Pengamat hukum di Sumsel yang juga Dekan Fakultas Hukum Universitas Sriwijaya, Prof Dr Febrian angkat bicara terkait kasus napi tewas dibunuh rekan satu kamar, di Lapas Mata Merah Palembang.
Febrian mengatakan seharusnya peristiwa tersebut tidak terjadi, apabila petugas lapas mengetahui adanya rencana pembunuhan tahanan oleh rekan satu kamarnya.
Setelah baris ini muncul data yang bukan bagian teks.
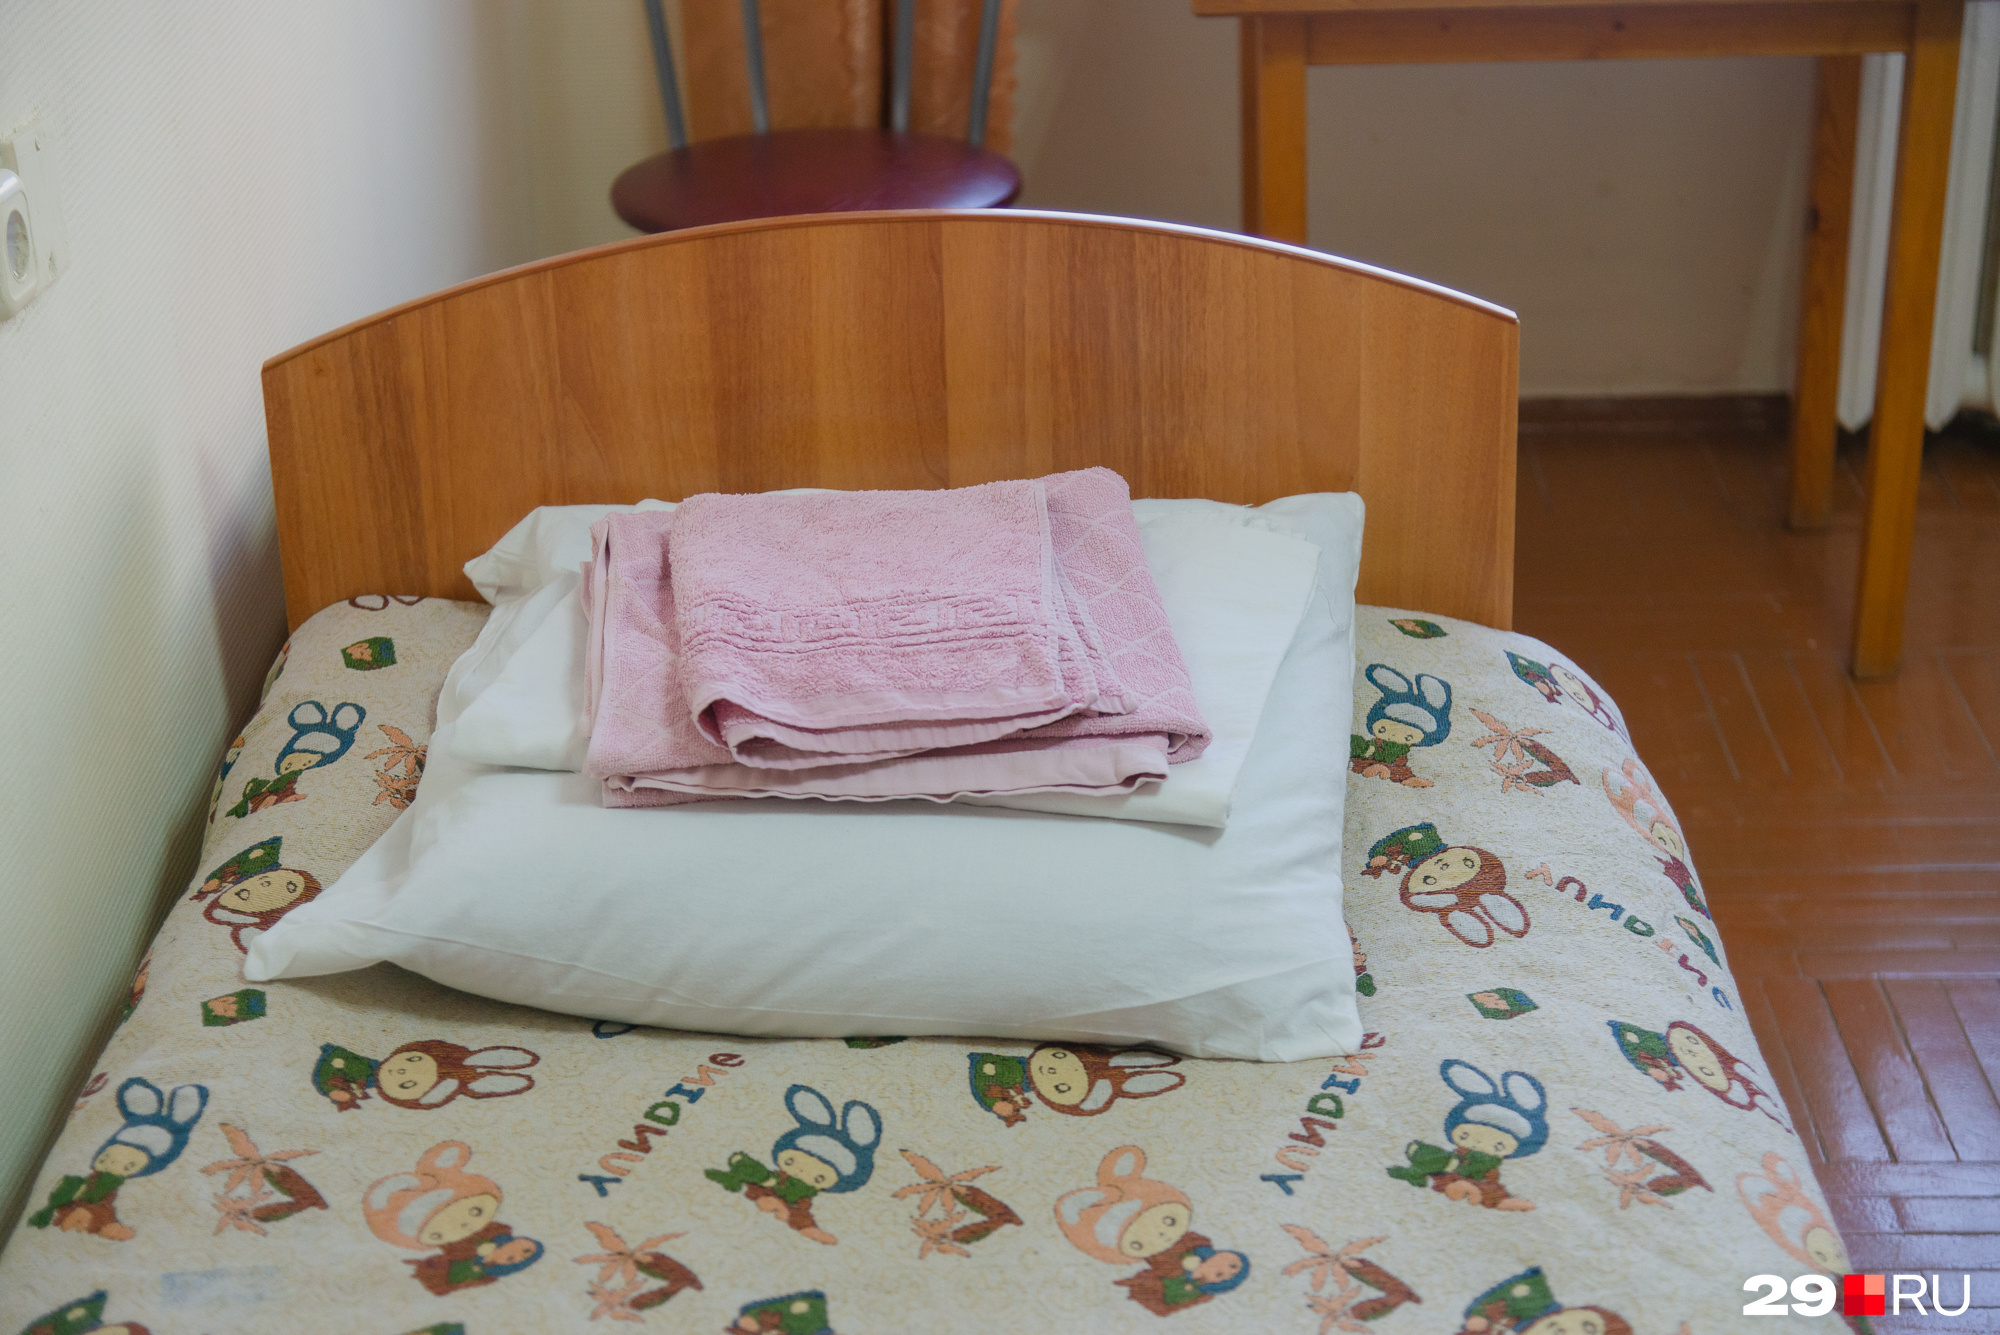 Беженцам предоставляют средства гигиены: постельное белье, полотенца, личные принадлежности
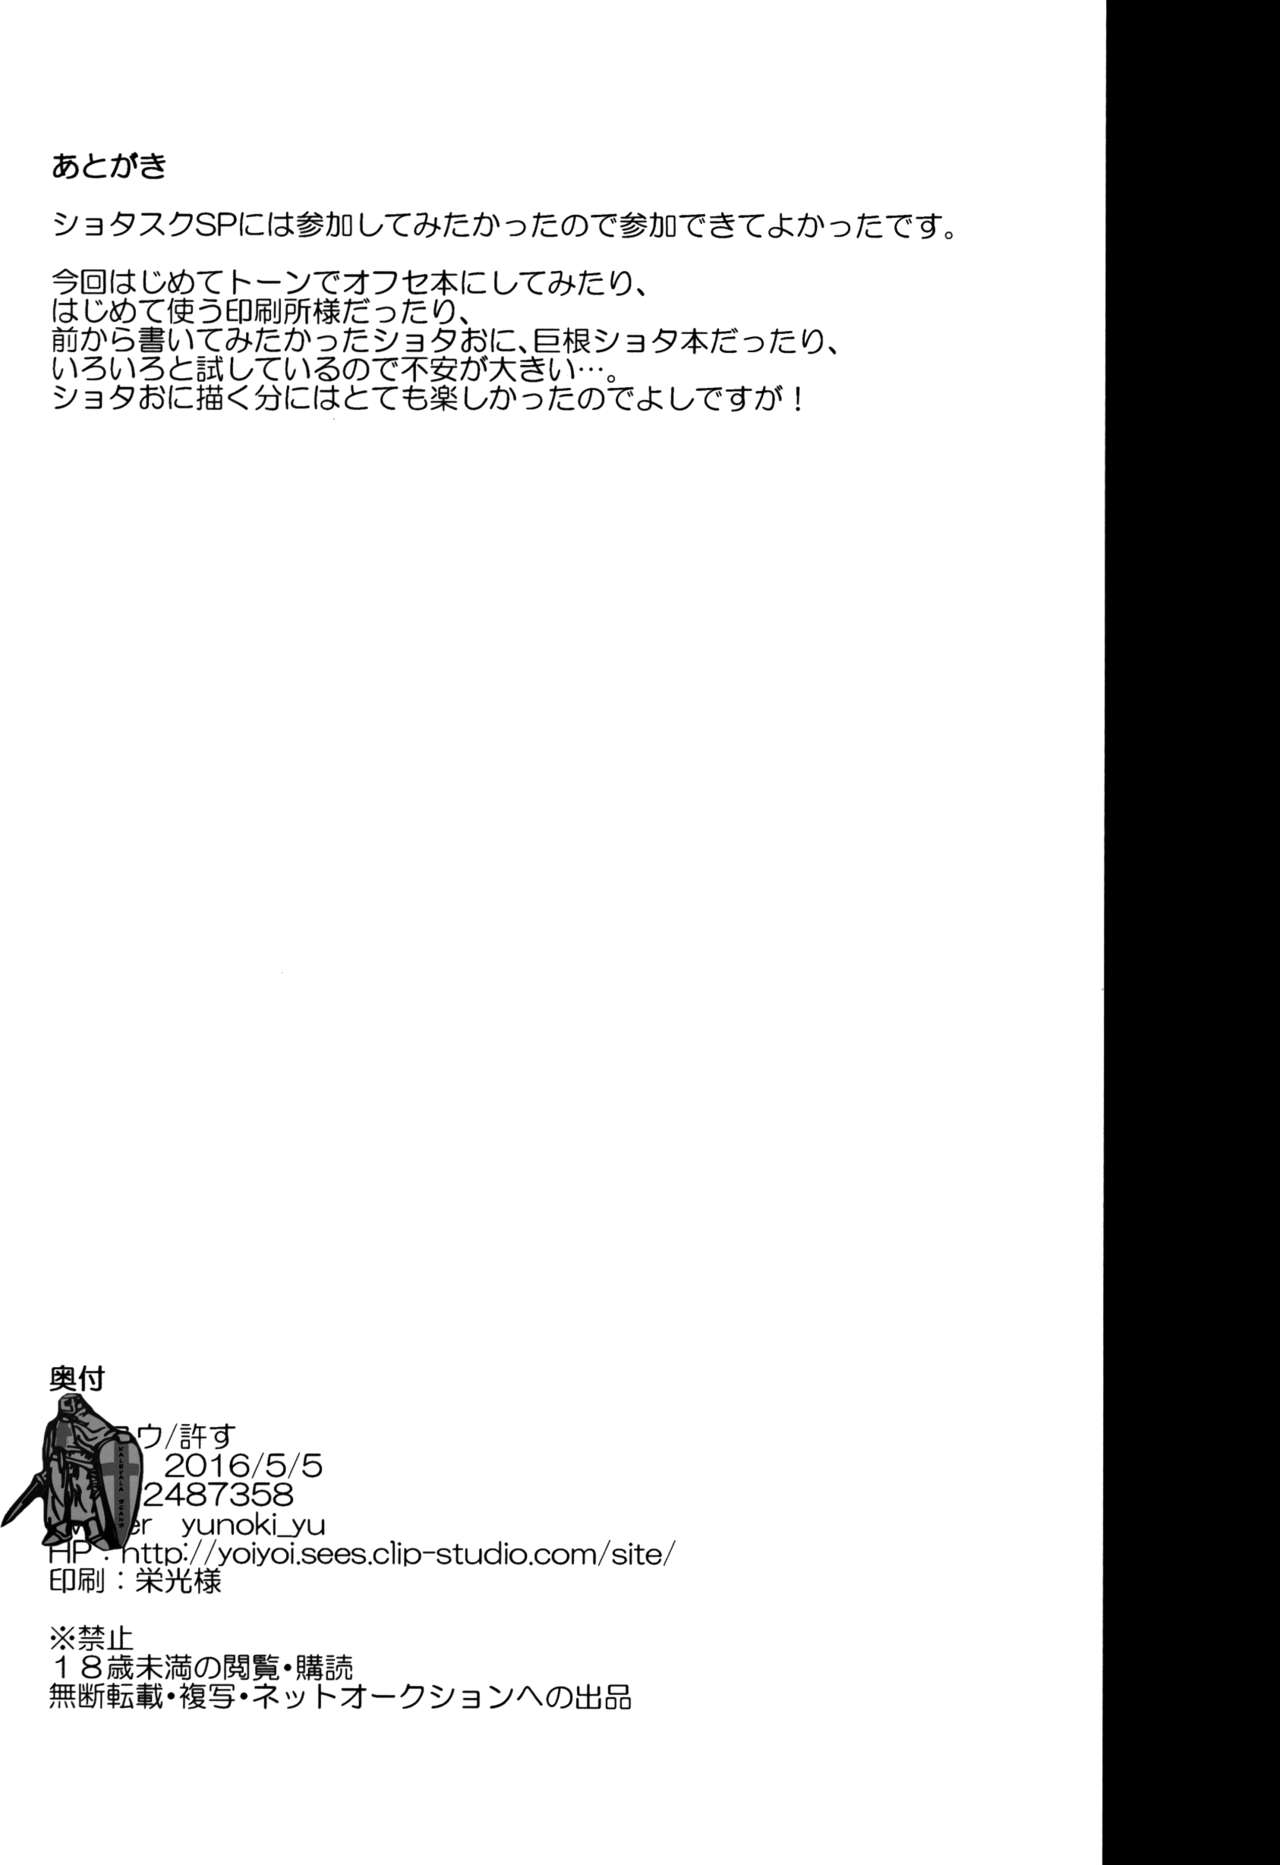 Read Shota Scratch Sp Yurusu Yunoki Yu Shota Oni English

"Seharusnya dengan posisi dan situasi apapun, termasuk waktu petugas harus siap berjaga 24 jam. Di Lapas itu ada SOP terhadap pengawas napi selama 24 jam. Itu artinya kalau terjadi, itu terjadi artinya ada kelalaian yang berujung kematian. Seharusnya dari kejadian ini harus ada sanksi," kata Febrian kepada detikSumbagsel, Minggu (21/7/2024).
SCROLL TO CONTINUE WITH CONTENT
Febrian menegaskan pernyataan Kalapas yang menyebut sudah sesuai SOP harus diklarifikasi oleh masyarakat umum. Termasuk keluarga yang bersangkutan, menerima atau tidak.
"Selain itu juga Kemenkumham Sumsel harus turun tangan membentuk tim pencari fakta, dan mengungkap peristiwa itu agar kejadian itu tidak terjadi lagi," ungkapnya.
Menurut Febrian, jika Kemenkumham mengatakan tidak semua kamar bisa diawasi, artinya itu bentuk kelalaian. Itu berarti kelemahan dari Lapas itu kelihatan tidak bisa menjaga, dan mengawasi kamar tahanan.
"Itu kan nyawa orang di dalam tahanan. Seharusnya juga Kemenkumham Sumsel jangan menyerahkan semua ke Kalapas. Jika itu menjadi polemik di masyarakat, harus turun membentuk tim pencari fakta," jelasnya.
Febrian menambahkan, yang harus bertanggung jawab tidak hanya petugas yang berjaga. Tapi tanggung jawab kalapas juga.
"Dari kejadian ini, selain petugas yang berjaga, juga Kalapas harus bertanggung jawab," tutupnya.